BatchingFutureProvider<K,V> create<K,V>(
   BatchComputer<K,V> computer, 
   int maxBatchSize, 
   Duration maxWaitDuration,
);

Does Dart (or a pub package) already provide this batching functionality, and if not, how would you implement the create function above?

Jack Reilly
  • 463
  • 2
  • 8
  • 1
    Did you mean [Future.wait()](https://api.dartlang.org/stable/2.5.1/dart-async/Future/wait.html)? Wait for a list of future, and execute a callback when It done. – Tokenyet Oct 01 '19 at 04:51
  • so you have to use [Future](https://api.dartlang.org/stable/2.5.1/dart-async/Future-class.html) api - pay attantion to `then()` and `timeout()` methods – pskink Oct 01 '19 at 04:56
  • @Tokenyet I don't see how Future.wait() applies, could you explain how it would help implement `create` above? – Jack Reilly Oct 01 '19 at 06:55
  • @pskink I feel like your responses may be too low-level to be constructive for the question. I have an understanding of the basic units of `Future`'s, but plumbing them together in a manner that allows batching in an ergonomic API is what I'm looking for – Jack Reilly Oct 01 '19 at 07:34

2 Answers2

2

This sounds perfectly reasonable, but also very specialized. You need a way to represent a query, to combine these queries into a single super-query, and to split the super-result into individual results afterwards, which is what your BatchComputer does. Then you need a queue which you can flush through that under some conditions.

One thing that is clear is that you will need to use Completers for the results because you always need that when you want to return a future before you have the value or future to complete it with.

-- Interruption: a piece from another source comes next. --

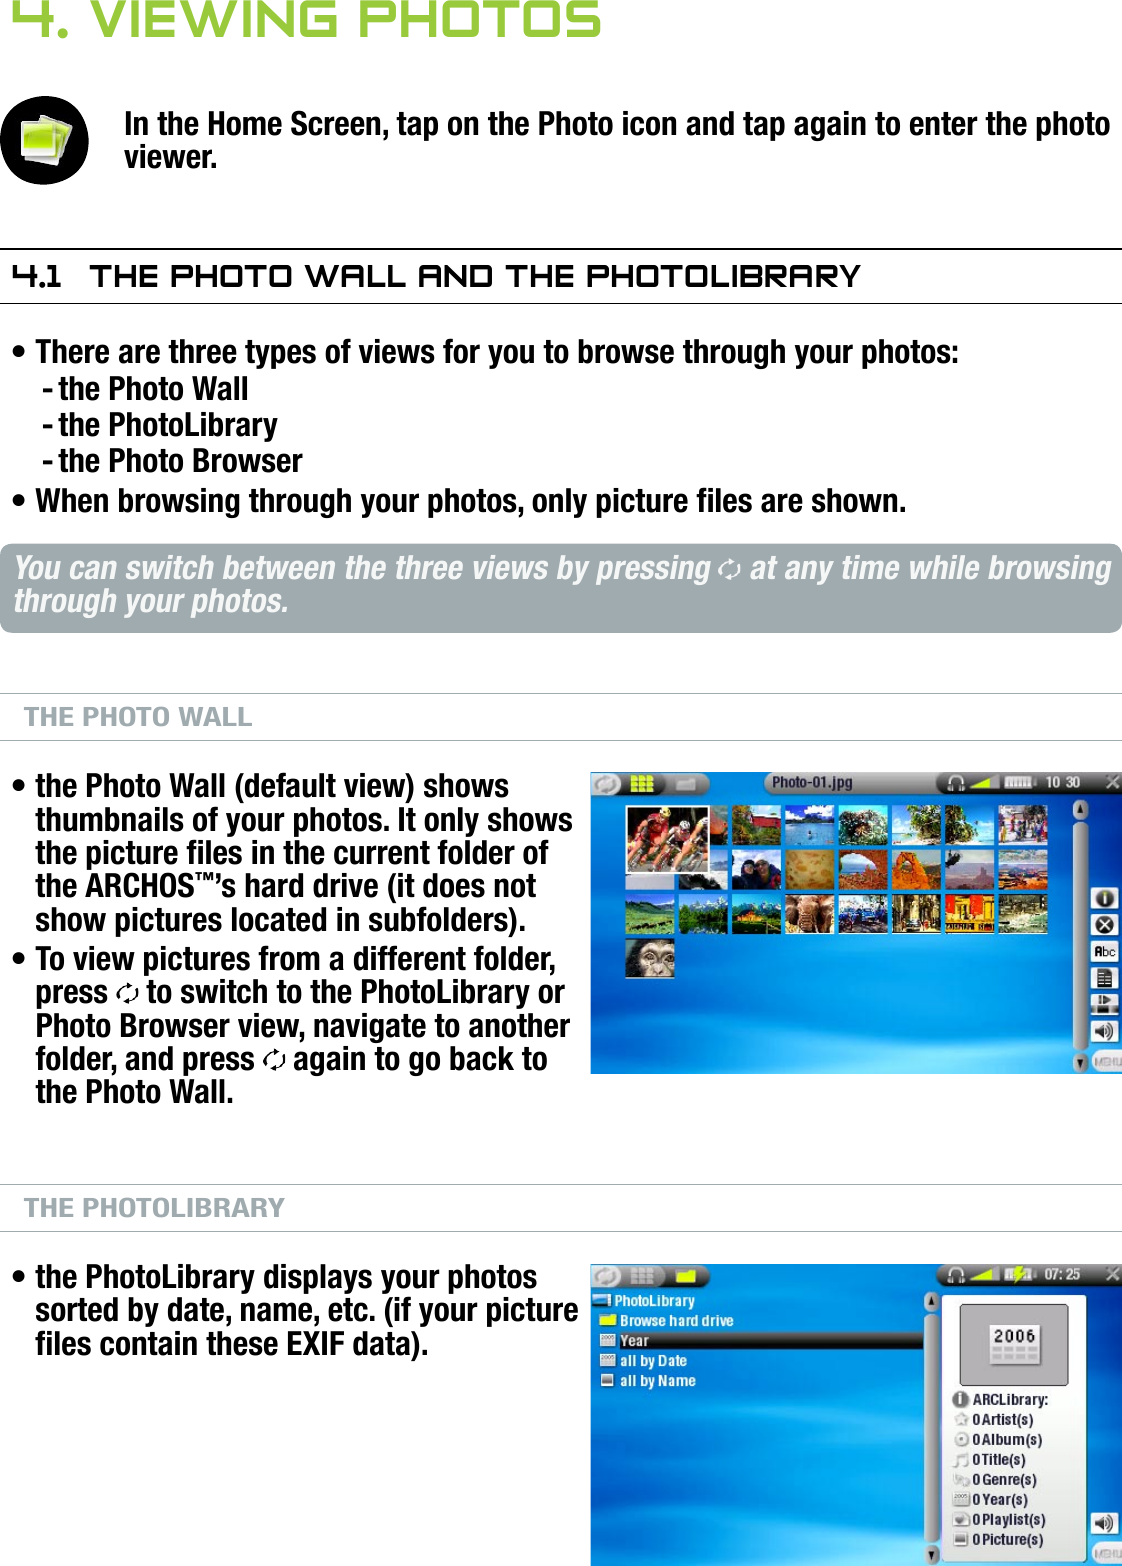 704MANUAL V0.0VIEWING PHOTOS   &gt;   p. 264. Viewing PhOTOsIn the Home Screen, tap on the Photo icon and tap again to enter the photo viewer.4.1  The PhOTO wall and The PhOTOlibraryThere are three types of views for you to browse through your photos:the Photo Wallthe PhotoLibrarythe Photo BrowserWhen browsing through your photos, only picture les are shown.You can switch between the three views by pressing   at any time while browsing through your photos.THE PHOTO WALLthe Photo Wall (default view) shows thumbnails of your photos. It only shows the picture les in the current folder of the ARCHOS™’s hard drive (it does not show pictures located in subfolders).To view pictures from a different folder, press   to switch to the PhotoLibrary or Photo Browser view, navigate to another folder, and press   again to go back to the Photo Wall.THE PHOTOLIBRARYthe PhotoLibrary displays your photos sorted by date, name, etc. (if your picture les contain these EXIF data).•---••••
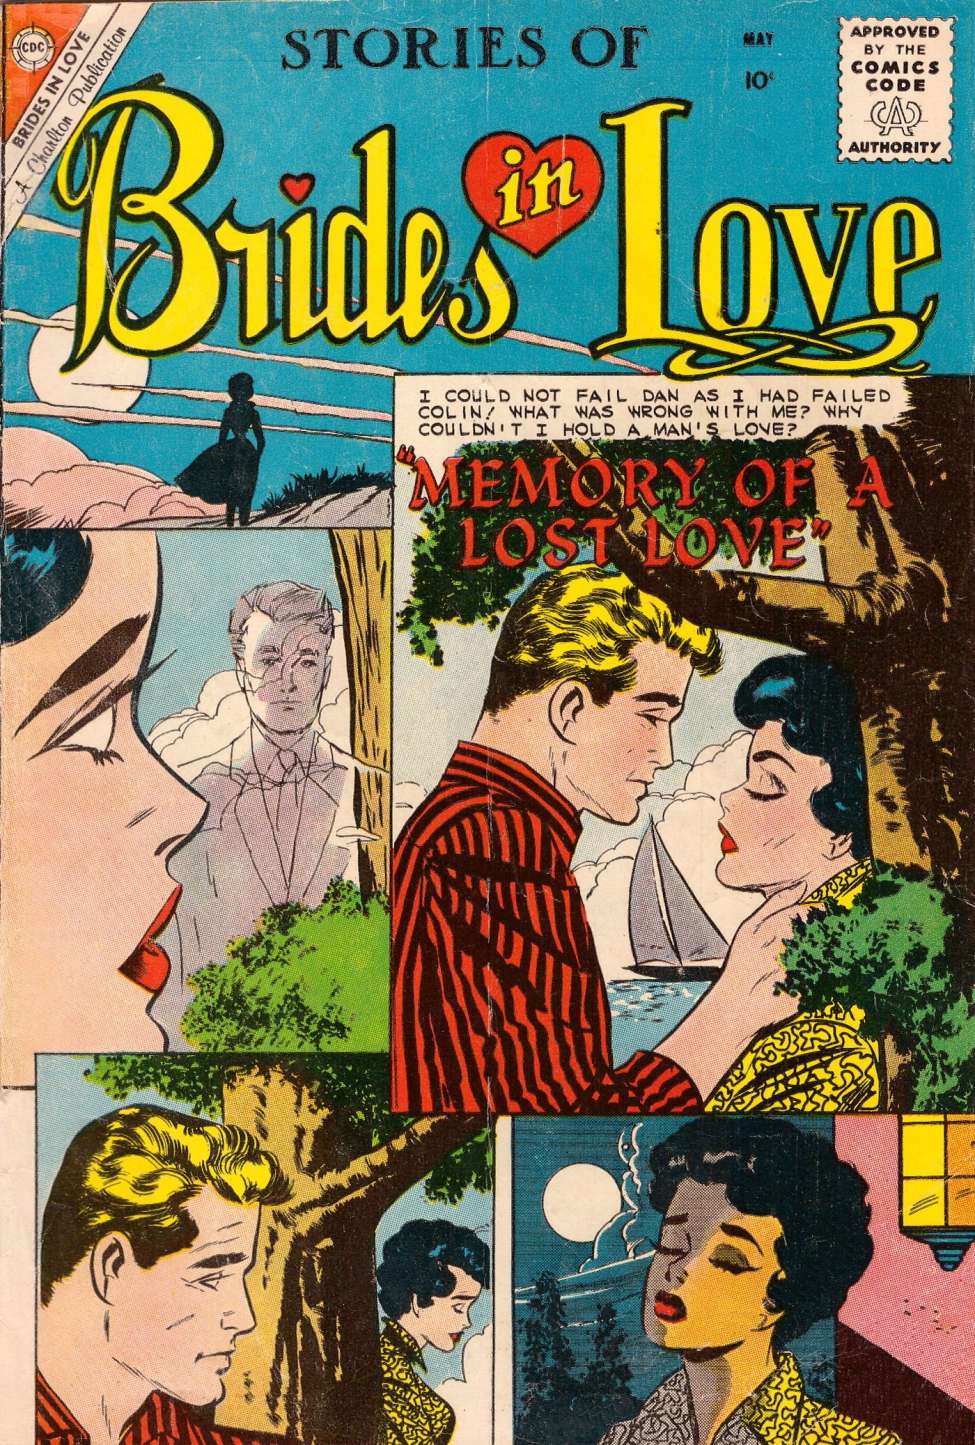 Comic Book Cover For Brides in Love 18

The approach I would choose would be:

import "dart:async";

/// A batch of requests to be handled together.
///
/// Collects [Request]s until the pending requests are flushed.
/// Requests can be flushed by calling [flush] or by configuring
/// the batch to automatically flush when reaching certain 
/// tresholds.
class BatchRequest<Request, Response> {
  final int _maxRequests;
  final Duration _maxDelay;
  final Future<List<Response>> Function(List<Request>) _compute;
  Timer _timeout;
  List<Request> _pendingRequests;
  List<Completer<Response>> _responseCompleters;

  /// Creates a batcher of [Request]s.
  ///
  /// Batches requests until calling [flush]. At that pont, the
  /// [batchCompute] function gets the list of pending requests,
  /// and it should respond with a list of [Response]s.
  /// The response to the a request in the argument list
  /// should be at the same index in the response list, 
  /// and as such, the response list must have the same number
  /// of responses as there were requests.
  ///
  /// If [maxRequestsPerBatch] is supplied, requests are automatically
  /// flushed whenever there are that many requests pending.
  ///
  /// If [maxDelay] is supplied, requests are automatically flushed 
  /// when the oldest request has been pending for that long. 
  /// As such, The [maxDelay] is not the maximal time before a request
  /// is answered, just how long sending the request may be delayed.
  BatchRequest(Future<List<Response>> Function(List<Request>) batchCompute,
               {int maxRequestsPerBatch, Duration maxDelay})
    : _compute = batchCompute,
      _maxRequests = maxRequestsPerBatch,
      _maxDelay = maxDelay;

  /// Add a request to the batch.
  ///
  /// The request is stored until the requests are flushed,
  /// then the returned future is completed with the result (or error)
  /// received from handling the requests.
  Future<Response> addRequest(Request request) {
    var completer = Completer<Response>();
    (_pendingRequests ??= []).add(request);
    (_responseCompleters ??= []).add(completer);
    if (_pendingRequests.length == _maxRequests) {
      _flush();
    } else if (_timeout == null && _maxDelay != null) {
      _timeout = Timer(_maxDelay, _flush);
    }
    return completer.future;
  }

  /// Flush any pending requests immediately.
  void flush() {
    _flush();
  }

  void _flush() {
    if (_pendingRequests == null) {
      assert(_timeout == null);
      assert(_responseCompleters == null);
      return;
    }
    if (_timeout != null) {
      _timeout.cancel();
      _timeout = null;
    }
    var requests = _pendingRequests;
    var completers = _responseCompleters;
    _pendingRequests = null;
    _responseCompleters = null;

    _compute(requests).then((List<Response> results) {
      if (results.length != completers.length) {
        throw StateError("Wrong number of results. "
           "Expected ${completers.length}, got ${results.length}");
      }
      for (int i = 0; i < results.length; i++) {
        completers[i].complete(results[i]);
      }
    }).catchError((error, stack) {
      for (var completer in completers) {
        completer.completeError(error, stack);
      }
    });
  }
}

You can use that as, for example:

void main() async {
  var b = BatchRequest<int, int>(_compute, 
      maxRequestsPerBatch: 5, maxDelay: Duration(seconds: 1));
  var sw = Stopwatch()..start();
  for (int i = 0; i < 8; i++) {
    b.addRequest(i).then((r) {
      print("${sw.elapsedMilliseconds.toString().padLeft(4)}: $i -> $r");
    });
  }
}
Future<List<int>> _compute(List<int> args) => 
    Future.value([for (var x in args) x + 1]);
lrn
  • 64,680
  • 7
  • 105
  • 121
2

See https://pub.dev/packages/batching_future/versions/0.0.2

I have almost exactly the same answer as @lrn, but have put some effort to make the main-line synchronous, and added some documentation.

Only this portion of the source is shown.